Up until now, the only evidence that Homo sapiens ever mingled with any of our more primitive cousins had been fossil evidence that showed we coexisted with Neanderthals, who became extinct within 10,000 years of our ancestors’ arrival in Europe.

If Reed’s parasitic paparazzi are to be believed, much the same thing happened in Asia. Small bands of Homo sapiens gradually migrated out of Africa to the east. At some point they met up with Homo erectus. No doubt both sides were as astonished by the sight of the other as we would be if a green-skinned interstellar invader turned up at the mall.

Perhaps they fought. Perhaps their encounters were friendly, even intimate. Because we have no cave-man DNA, there’s no way of telling if they mated.

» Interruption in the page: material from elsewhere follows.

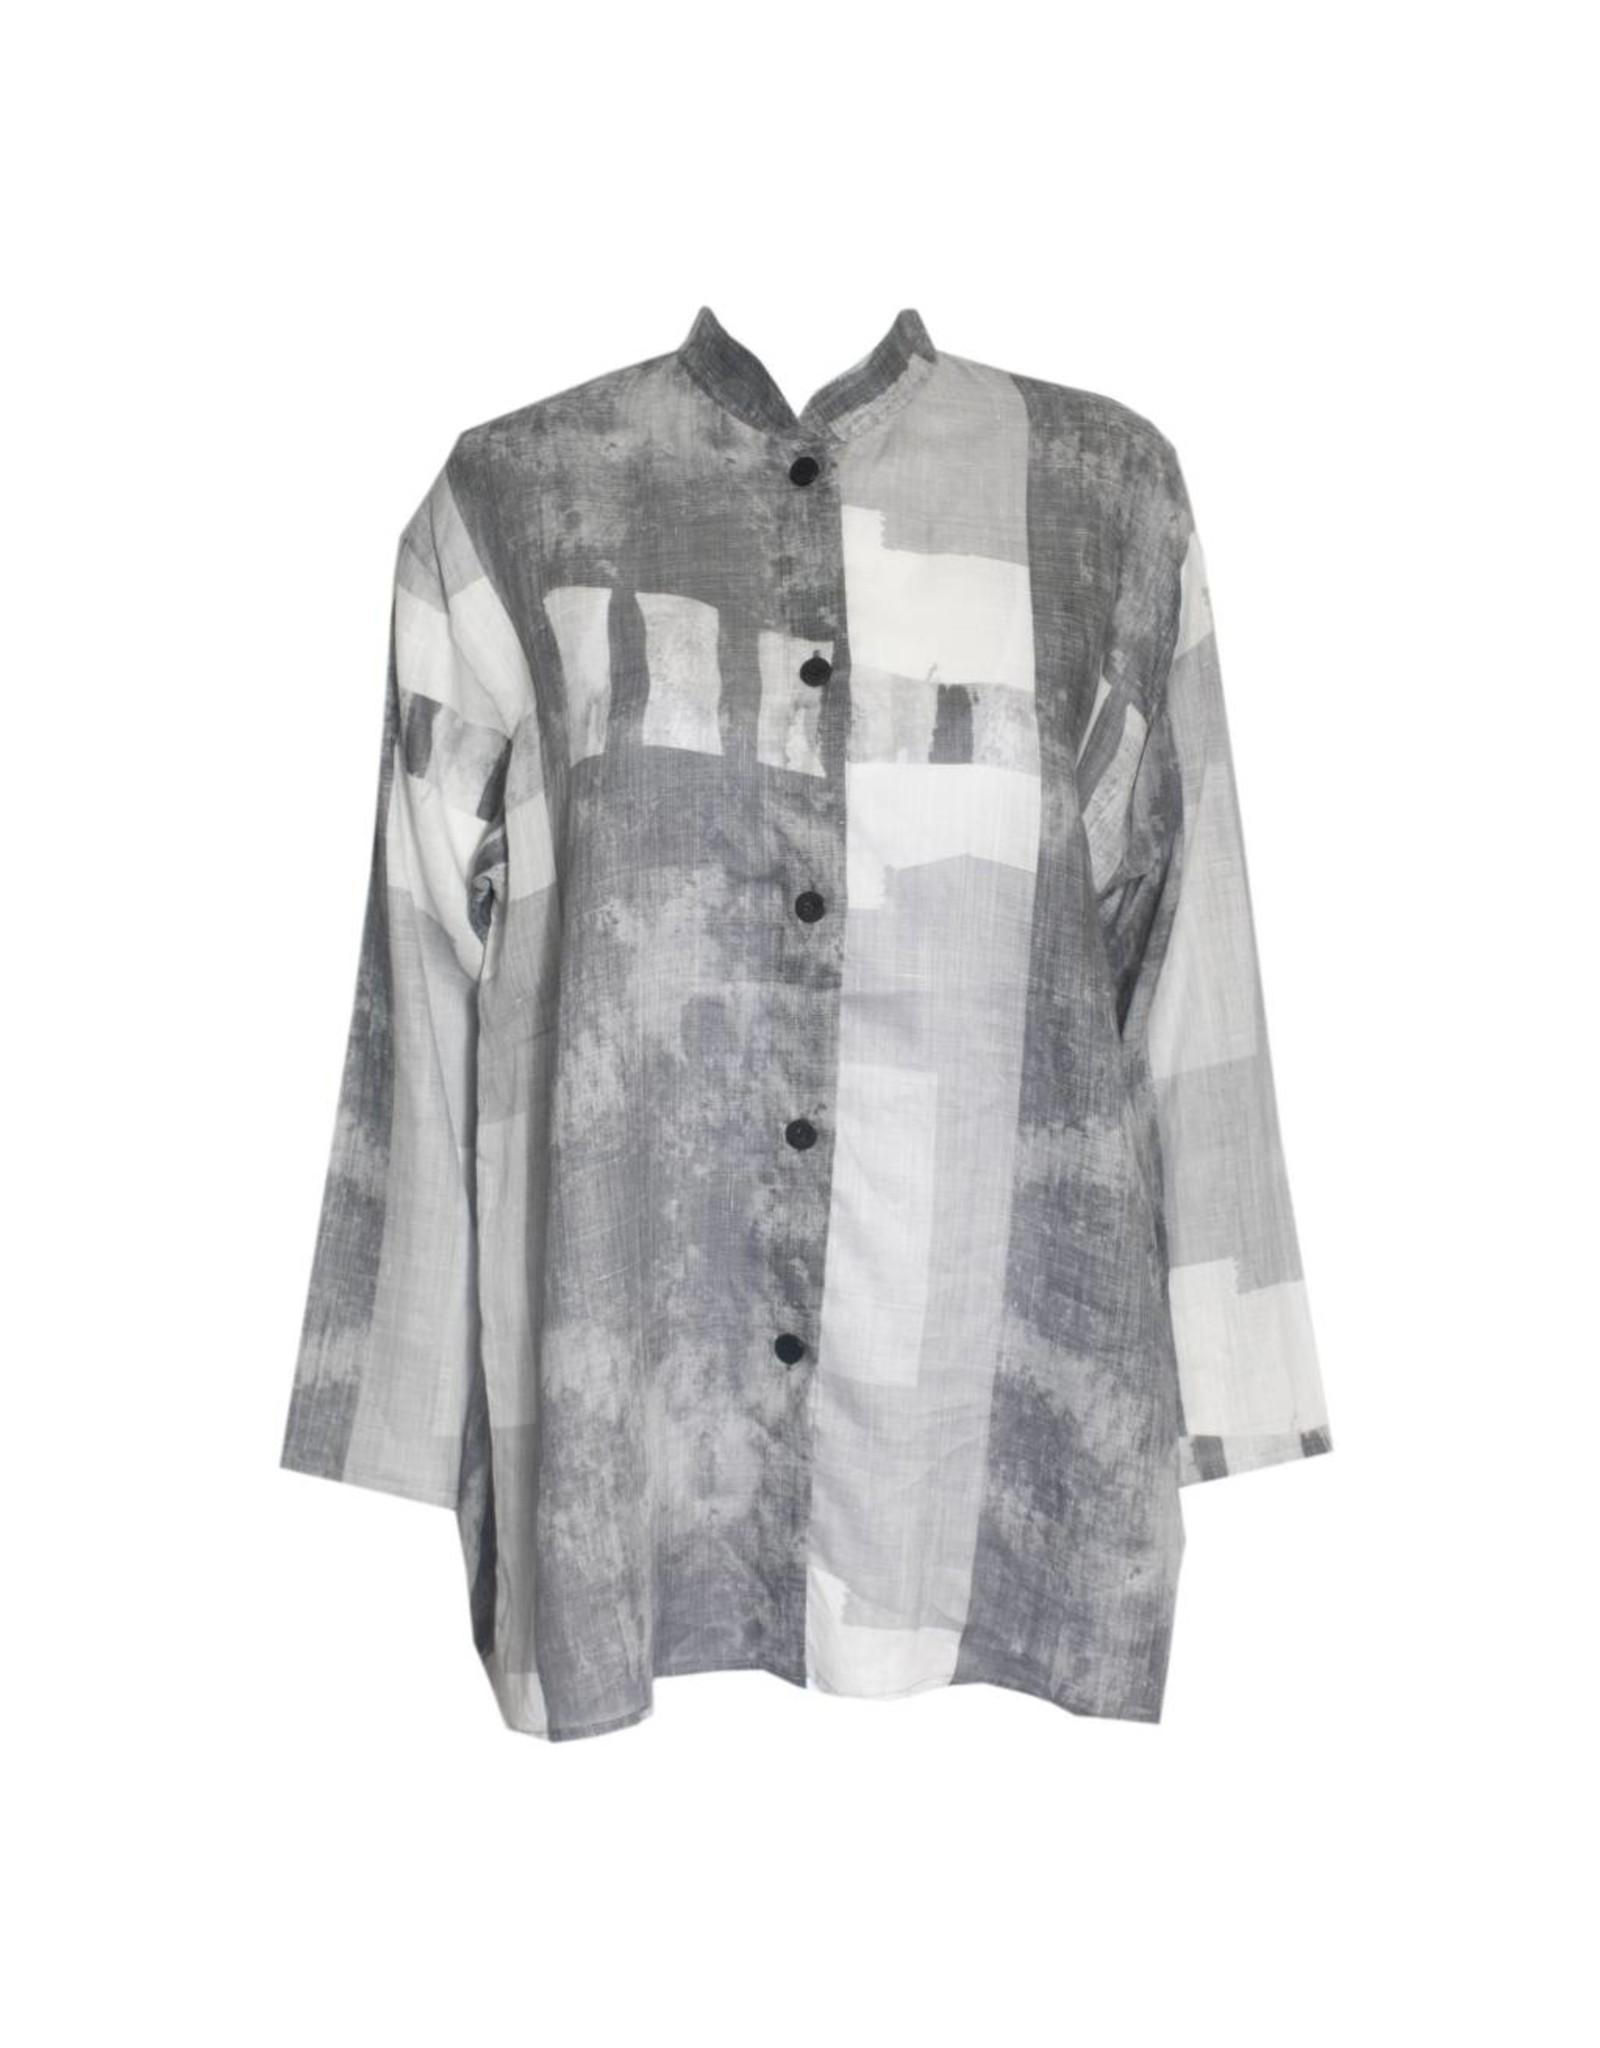 Xiaoyan Xiaoyan Linen Collared Shirt - Light Concrete

All that is certain is that a few thousand years later, Homo erectus, like the Neanderthals, was dead and gone. But we had something to remember them by. We carried tiny souvenirs of our encounter with them on our heads, bringing them with us as we continued to migrate, eventually working across the Bering Strait and into the Americas roughly 20,000 years ago.

ALTERNATE VIEW

That, at least, is Reed’s contention. Anthropologists are divided on whether to accept it.

The notion that modern man evolved in Africa and eventually spread across the world, sweeping away his more primitive cousins as he went, is called the “Out of Africa” theory. The head lice study appears to support that theory.

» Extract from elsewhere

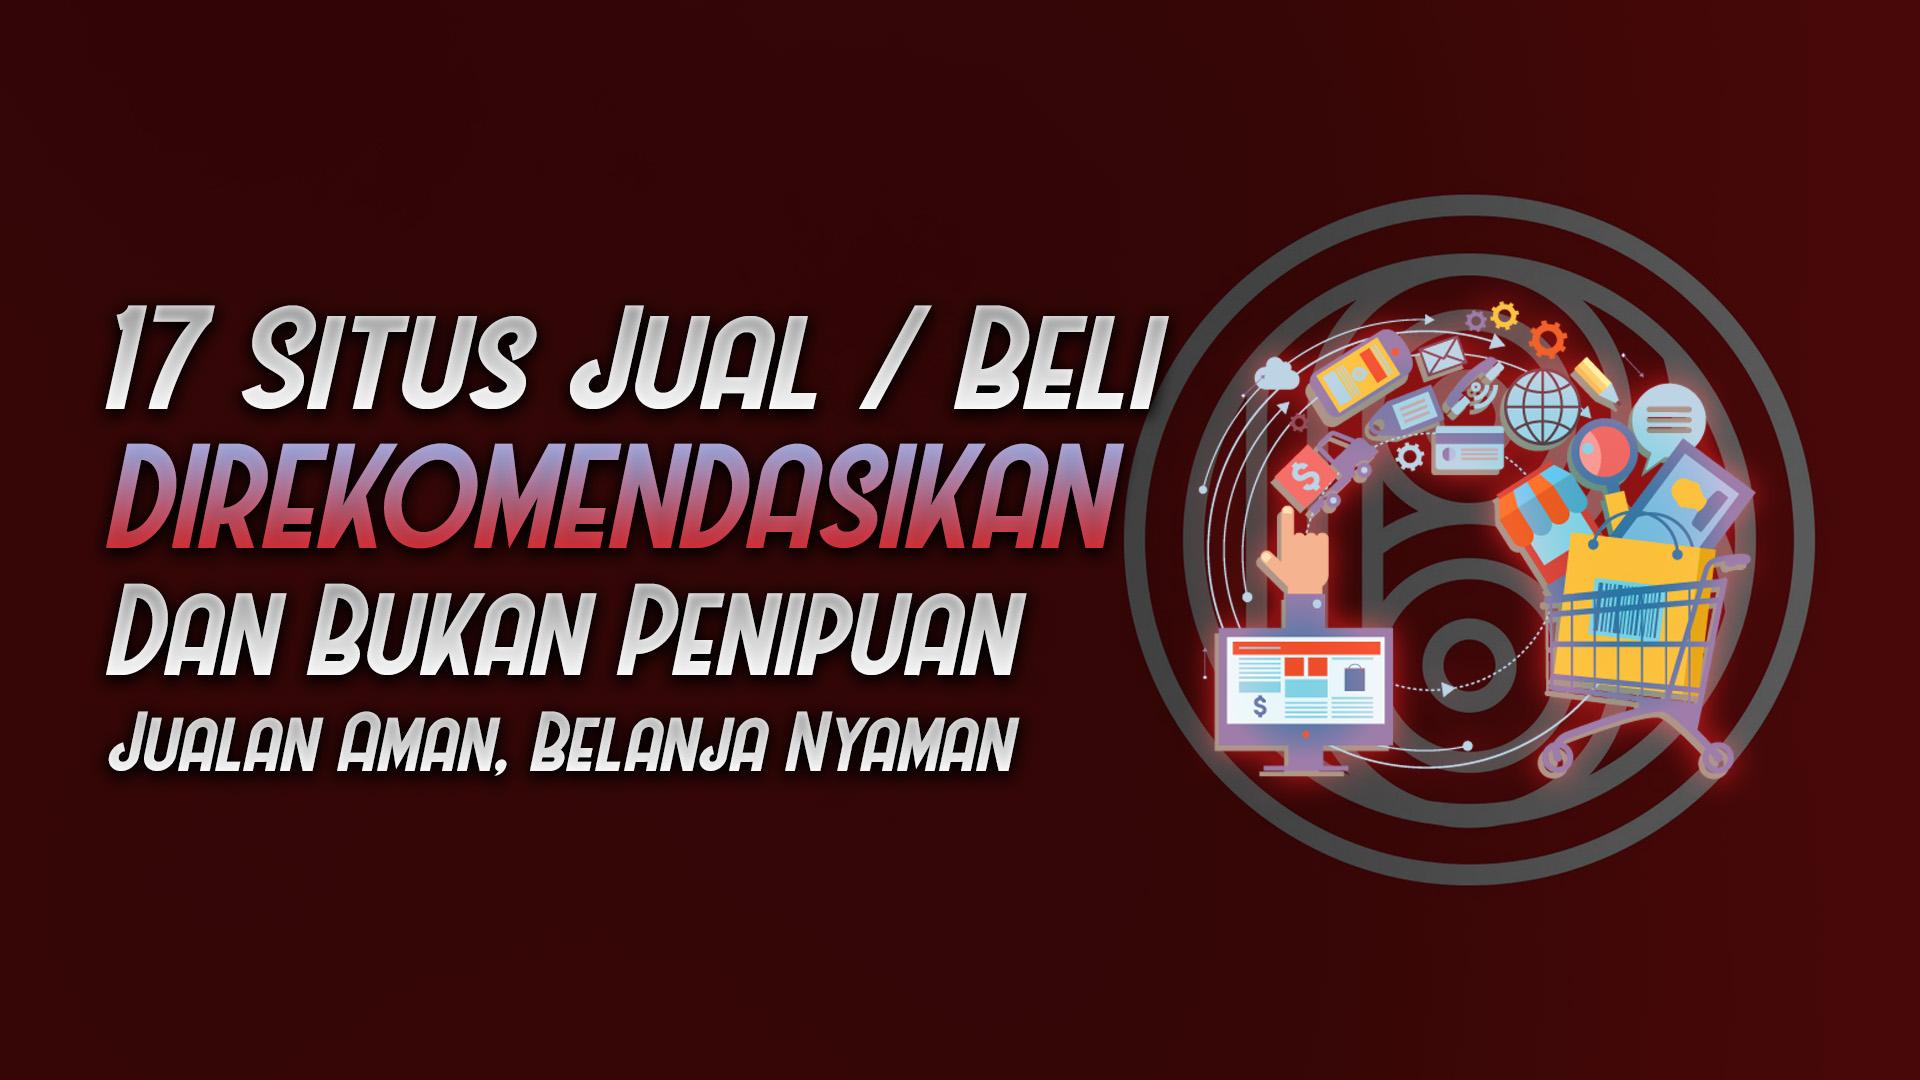 17 daftar situs online terpercaya indonesia - rio bermano

But other anthropologists subscribe to what has been called multiregionalism. They think that mankind did not emerge in one region, but gradually evolved, through interbreeding among the various kinds of early humans, all over the world.

Milford Wolpoff, anthropologist at the University of Michigan, is the most outspoken proponent of multiregionalism.

“We’re all one species,” he says. Wolpoff dismisses the lice study — and anything else that challenges multiculturalism — as “sloppy thinking.”

“Some anthropologists will not accept the validity of genetic analysis at all,” says Chris Stringer, a researcher at the Natural History Museum in London who studies early man. “Others will question the analysis because their preconceived ideas are being challenged.”

BEDBUGS AND BEYOND

Reed wants to keep on challenging. He says the results of the head lice study are so intriguing that he plans on chasing down other parasites, from pinworms to bedbugs, to see what secrets they can share.

Other researchers have used genetic analysis of tapeworms and body lice to determine when humans began eating meat and first wore clothing.

Reed’s next study may be an analysis of the DNA of pubic lice to see if he can help to answer that question about whether Homo sapiens interbred with other human species.

He also envisions another study of head lice from both sides of the Bering Strait, to see if he can pinpoint exactly when humans migrated into North America.

And he may probe further into the evolutionary past. We descended from a hairy species. Wherever our ancestors traveled, they sprinkled their little friends, like bread crumbs along a trail through time and space.

“There are just so many things we can learn from these parasites,” says Reed. “They match up to our evolution, going all the way back to our earliest ancestors. You can see where we split off from chimps. You can see where we split off, even further back, from the old world monkeys.”

His research has captured the public imagination enough that Reed is often asked to give talks about it.

At first, he says, he can gaze out at the audience and tell by the looks on the faces that most of his listeners are put off by the notion of examining blood-sucking creatures.

Gradually, though, they leave their queasiness behind, and become lost in the subject.

Reed knows what comes next. He has grown accustomed to seeing the same phenomenon, time after time: One by one, row by row, the hands rise up as they slowly, thoughtfully, begin to scratch their heads.